### Source data
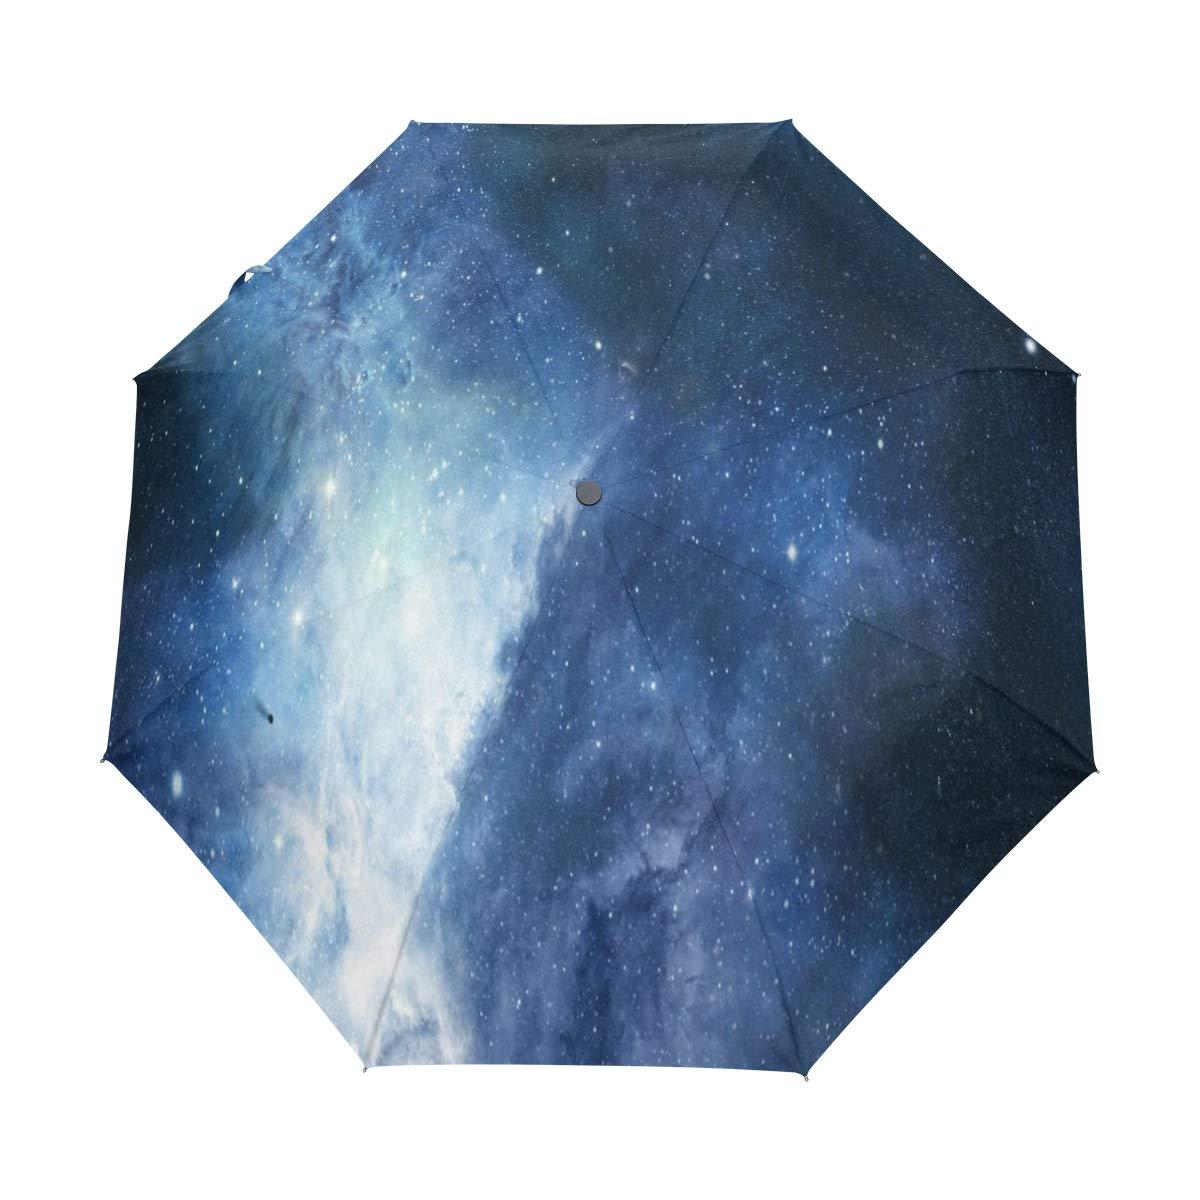 OuLian 傘 ユニコーン 星座 星 ゴルフ 旅行 太陽 雨 防風 自動傘 UV保護付き ガールズ ボーイズ キッズ B07MV9MZBM パターン2 37.8\
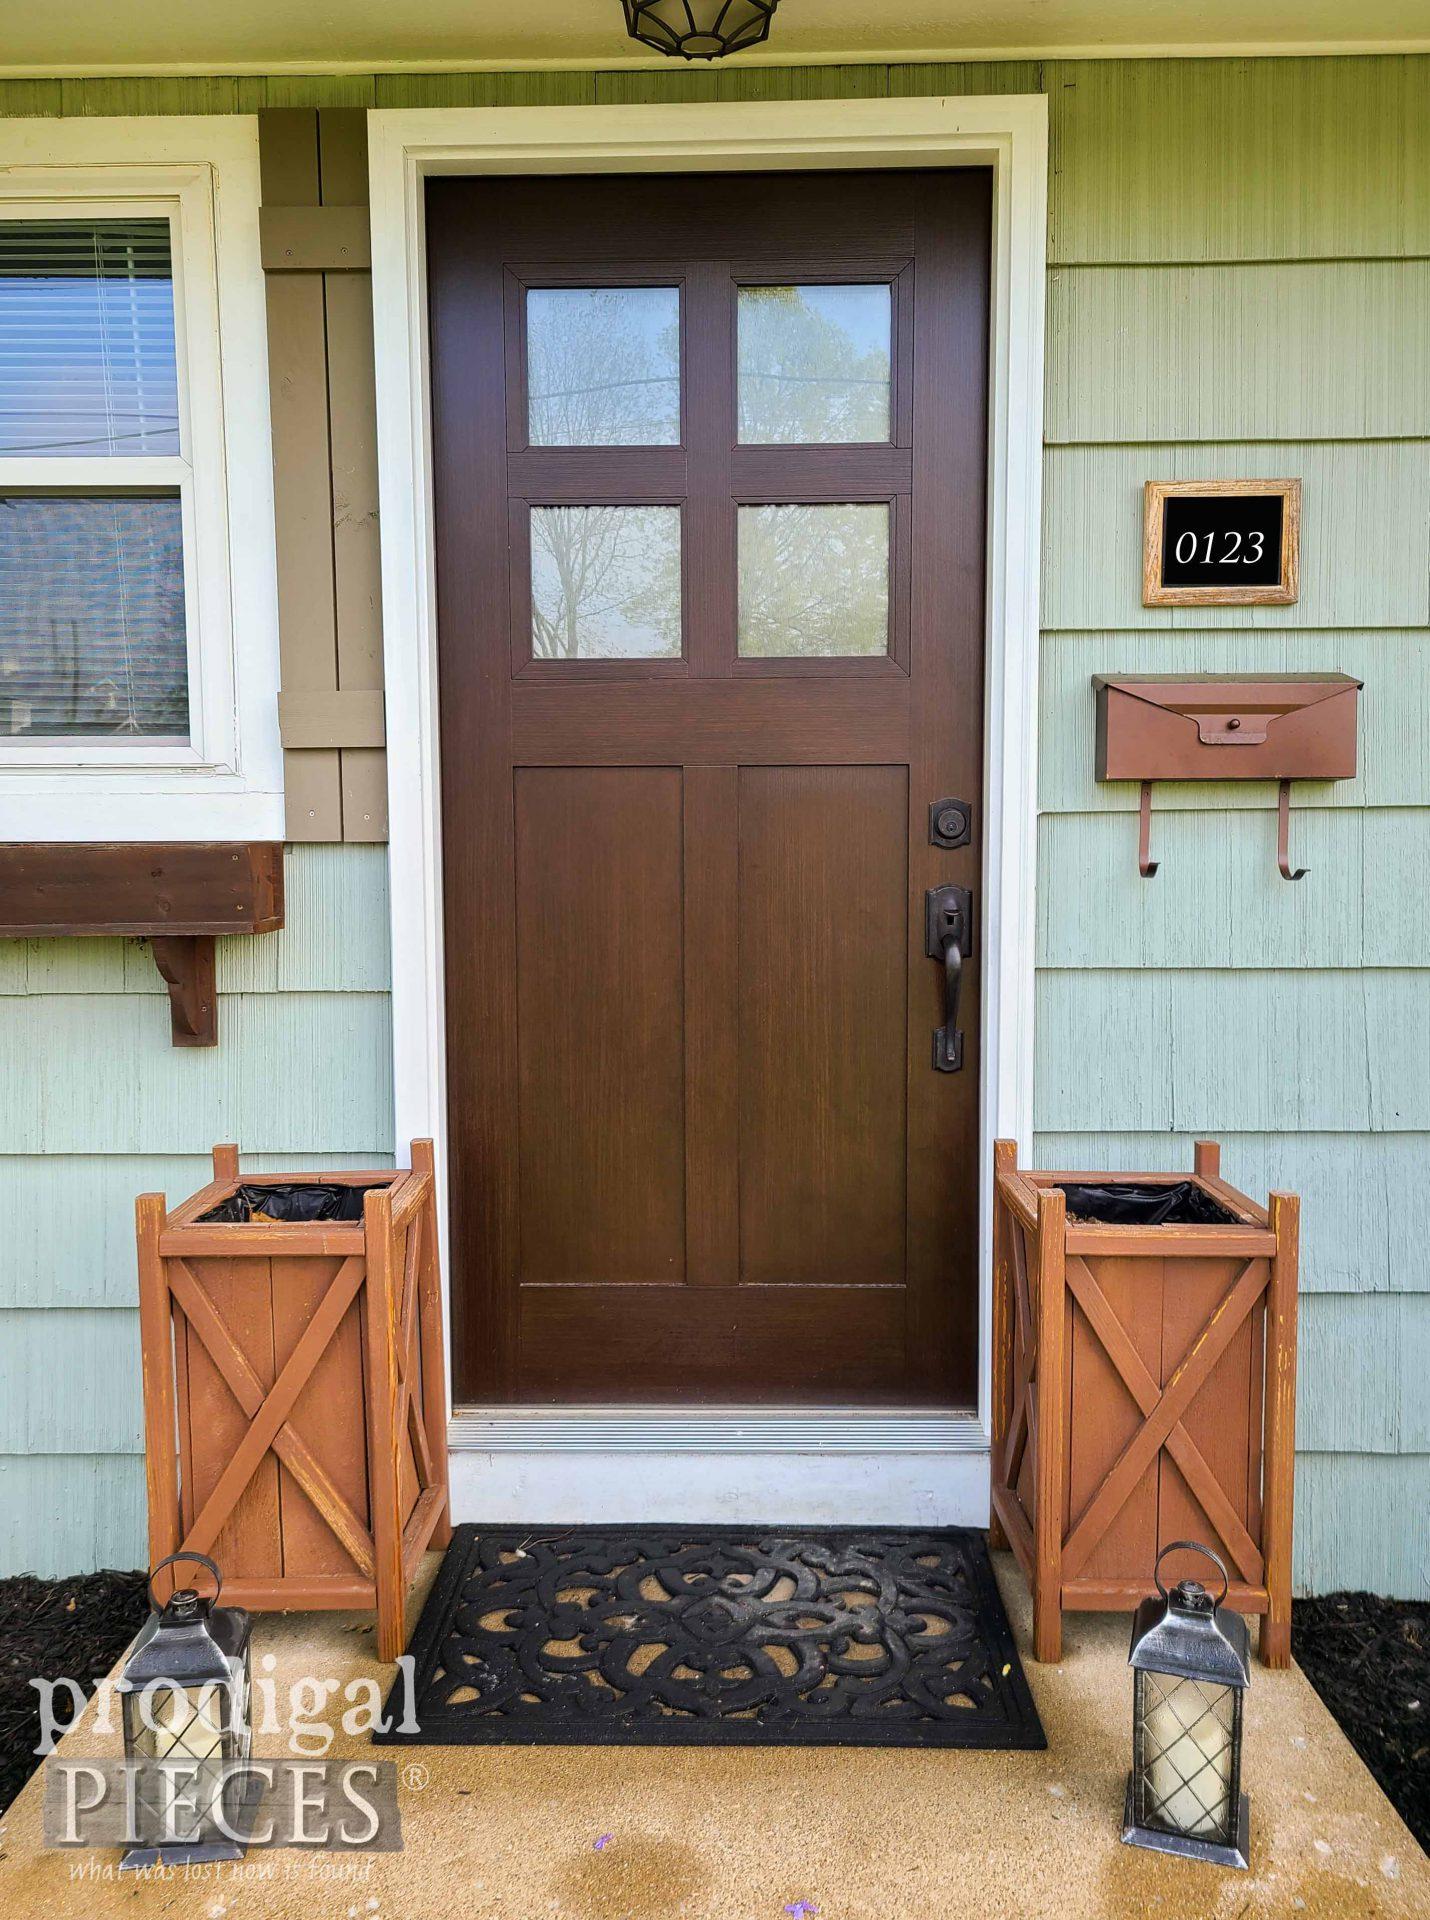 Prodigal Pieces Front Door Before | prodigalpieces.com #prodigalpieces
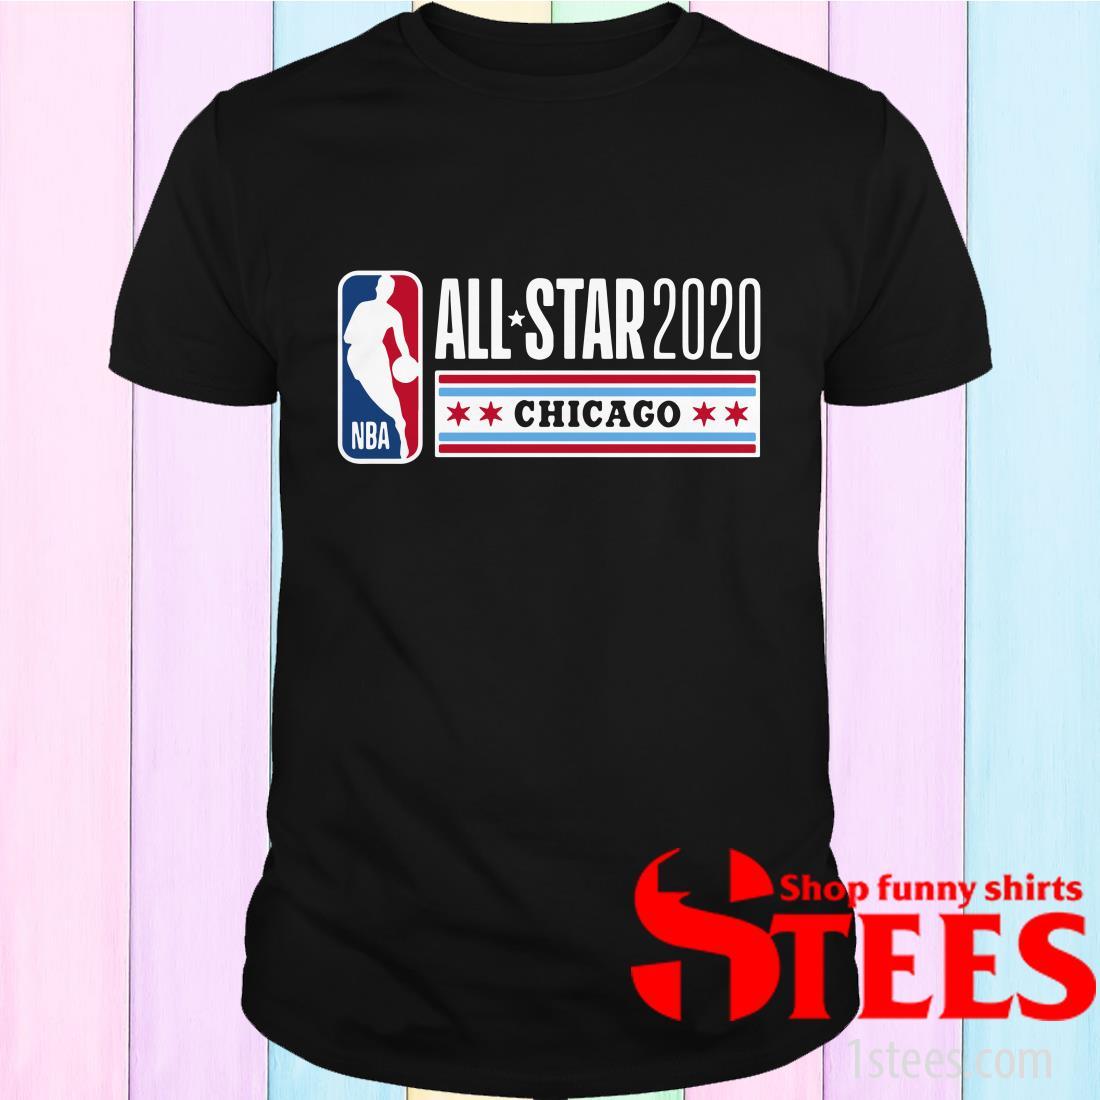 2020 Nba All Star Game Super Tee Shirt
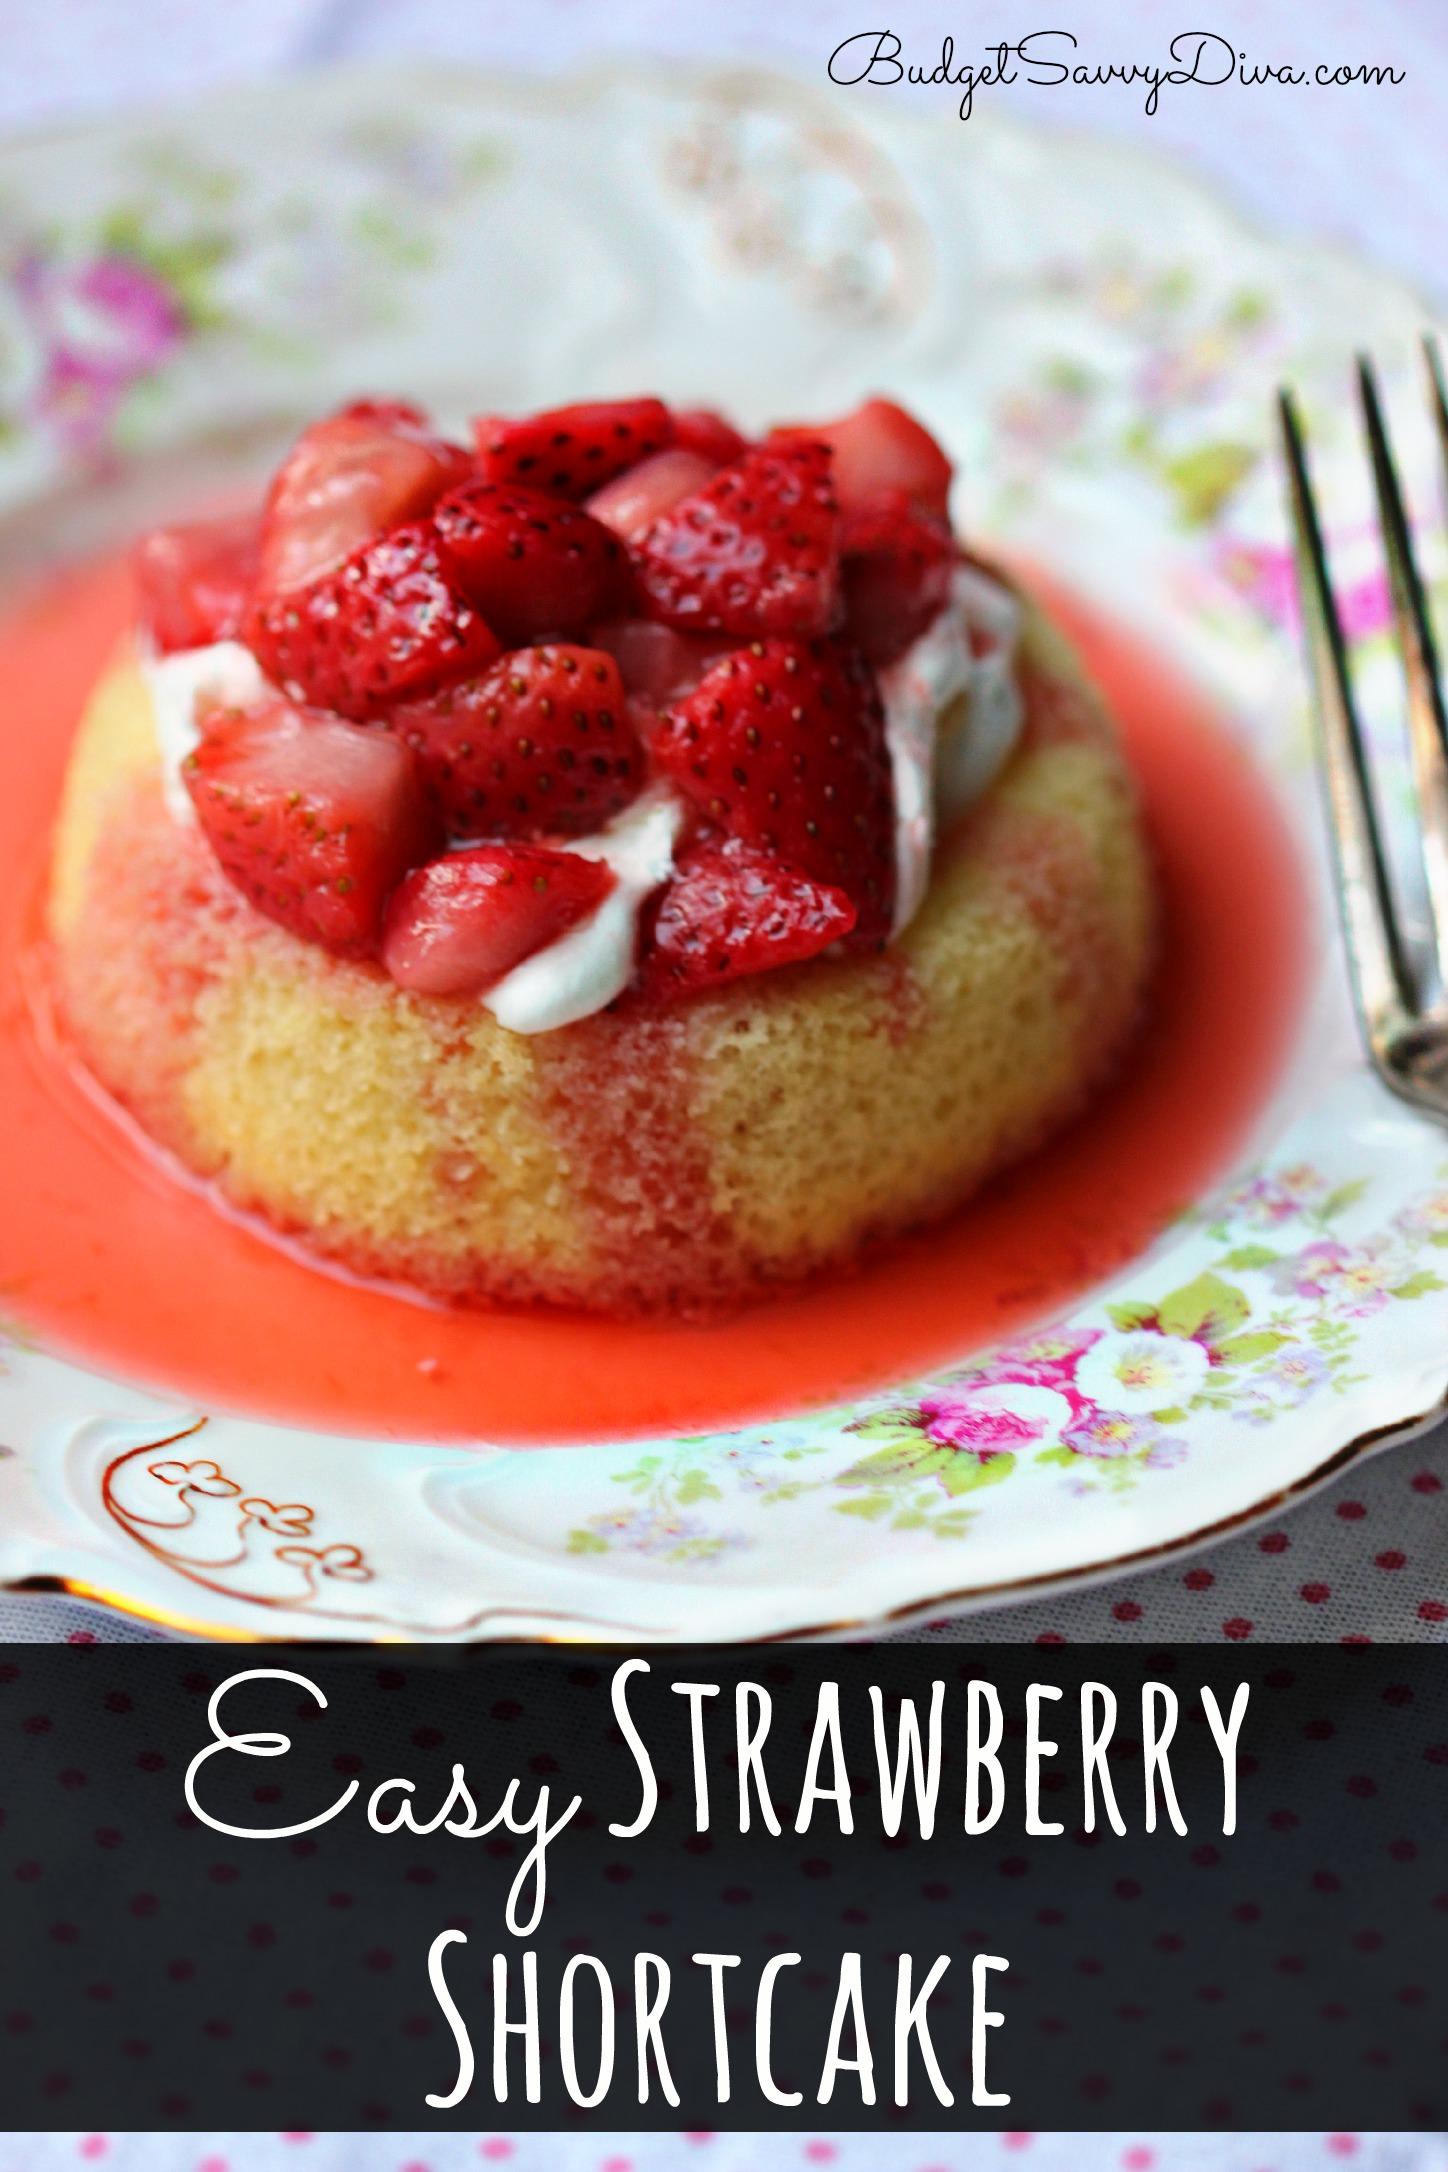 Easy Strawberry Shortcake Recipe   Budget Savvy Diva

### Your instructions
From the first line to the last, retype the data exactly, but omit every image.

### Response
 OuLian 傘 ユニコーン 星座 星 ゴルフ 旅行 太陽 雨 防風 自動傘 UV保護付き ガールズ ボーイズ キッズ B07MV9MZBM パターン2 37.8\
 Prodigal Pieces Front Door Before | prodigalpieces.com #prodigalpieces
 2020 Nba All Star Game Super Tee Shirt
 Easy Strawberry Shortcake Recipe   Budget Savvy Diva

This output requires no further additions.